However the kerosine-fuelled engine would "knock" and crack the
cylinder head and pistons. He assigned Thomas Midgley Jr. to confirm that the
cause was from the kerosine droplets vaporising on combustion as they presumed .
Midgley demonstrated that the knock was caused by a rapid rise in pressure after
ignition, not during preignition as believed. This then lead to the long
search for anti-knock agents, culminating in tetra ethyl lead . Typical mid-1920s
gasolines were 40 - 60 Octane.
Because
sulfur in gasoline inhibited the octane-enhancing effect of the alkyl lead, the
sulfur content of the thermally-cracked refinery streams for gasolines was
restricted. By the 1930s, the petroleum industry had determined that the larger
hydrocarbon molecules (kerosine) had major adverse effects on the octane of
gasoline, and were developing consistent specifications for desired properties.
By the 1940s catalytic cracking was introduced, and gasoline compositions became
fairly consistent between brands during the various seasons.
The
1950s saw the start of the increase of the compression ratio, requiring higher
octane fuels. Lead levels were increased, and some new refining processes ( such
as hydrocracking ), specifically designed to provide hydrocarbons components
with good lead response and octane, were introduced. Minor improvements were
made to gasoline formulations to improve yields and octane until the 1970s -
when unleaded fuels were introduced to protect the exhaust catalysts that were
also being introduced for environmental reasons.

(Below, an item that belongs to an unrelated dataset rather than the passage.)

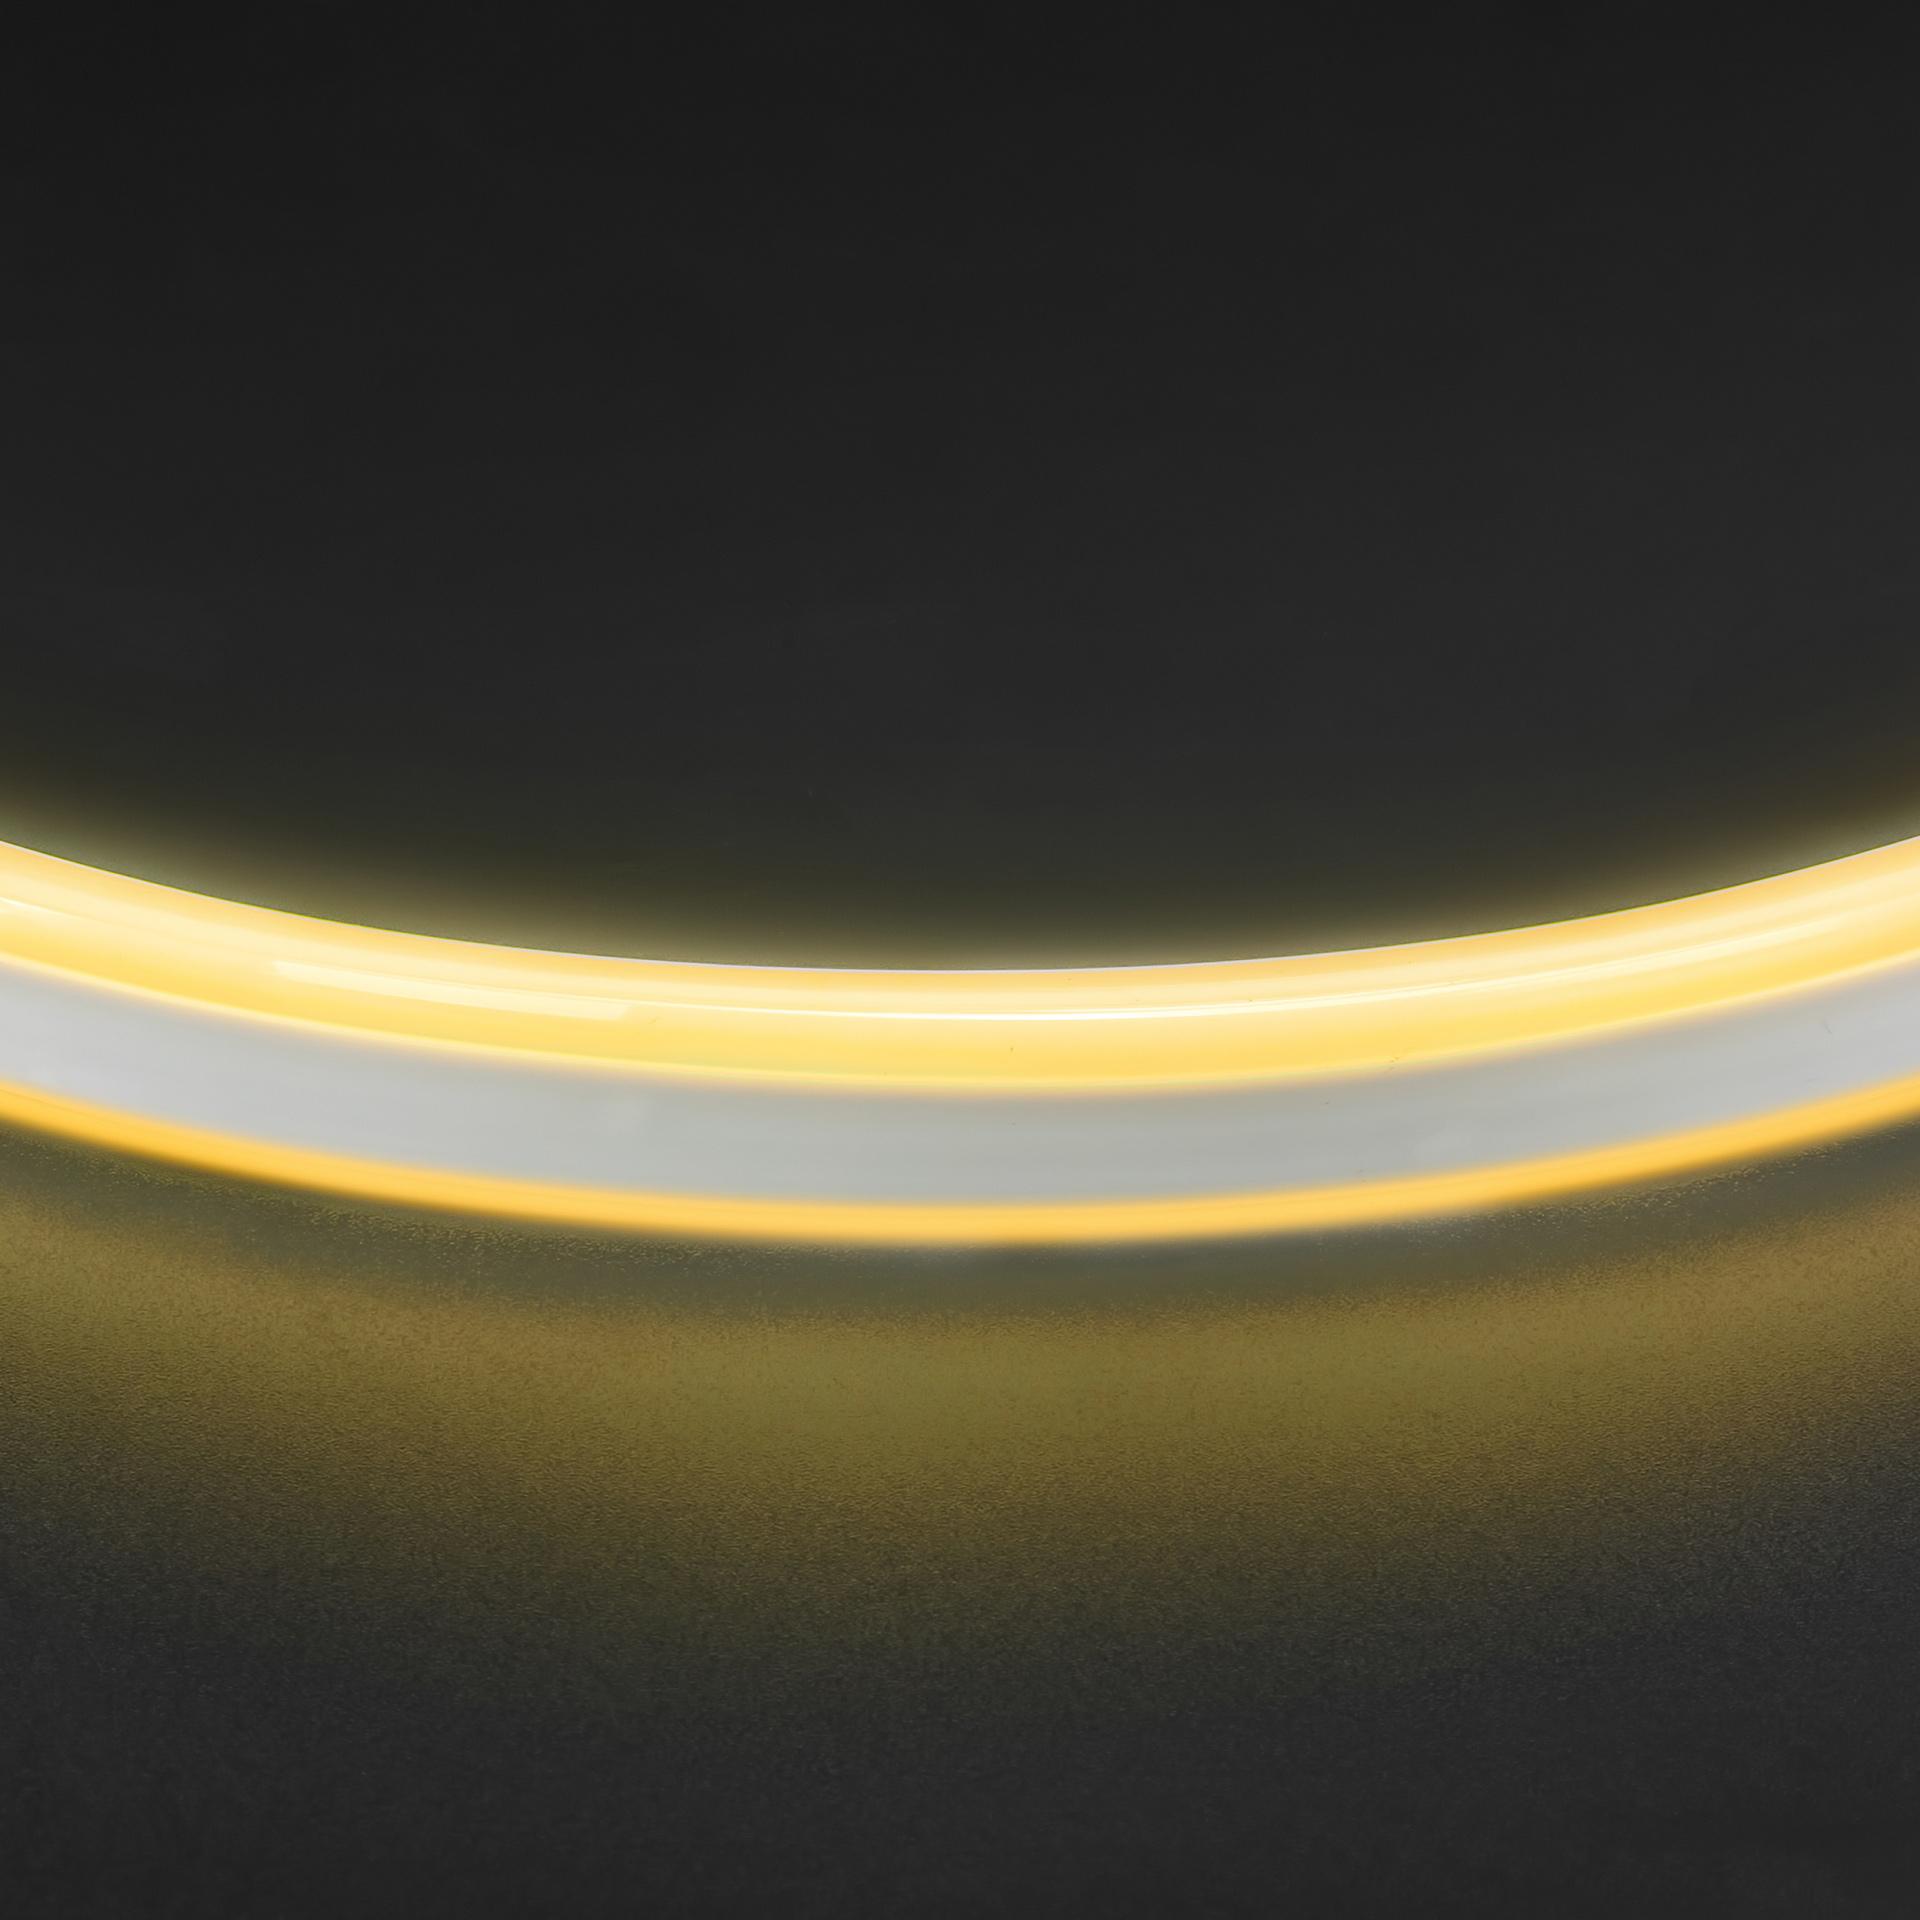 Лента гибкая неоновая NEOLED 220V 120 LED теплый белый цвет IP65 Lightstar 430102, купить в СПб, Москве, с доставкой, Санкт-Петербург, интернет-магазин люстр и светильников Starlight, фото в жизни

From 1970 until 1990 gasolines
were slowly changed as lead was phased out. In 1990 the Clean Air Act started
forcing major compositional changes on gasoline, and these changes will continue
into the 21st Century because gasoline is a major pollution source.
Why
were alkyl lead compounds added?
The
efficiency of a spark-ignited gasoline engine can be related to the compression
ratio up to at least compression ratio 17:1 . However any "knock"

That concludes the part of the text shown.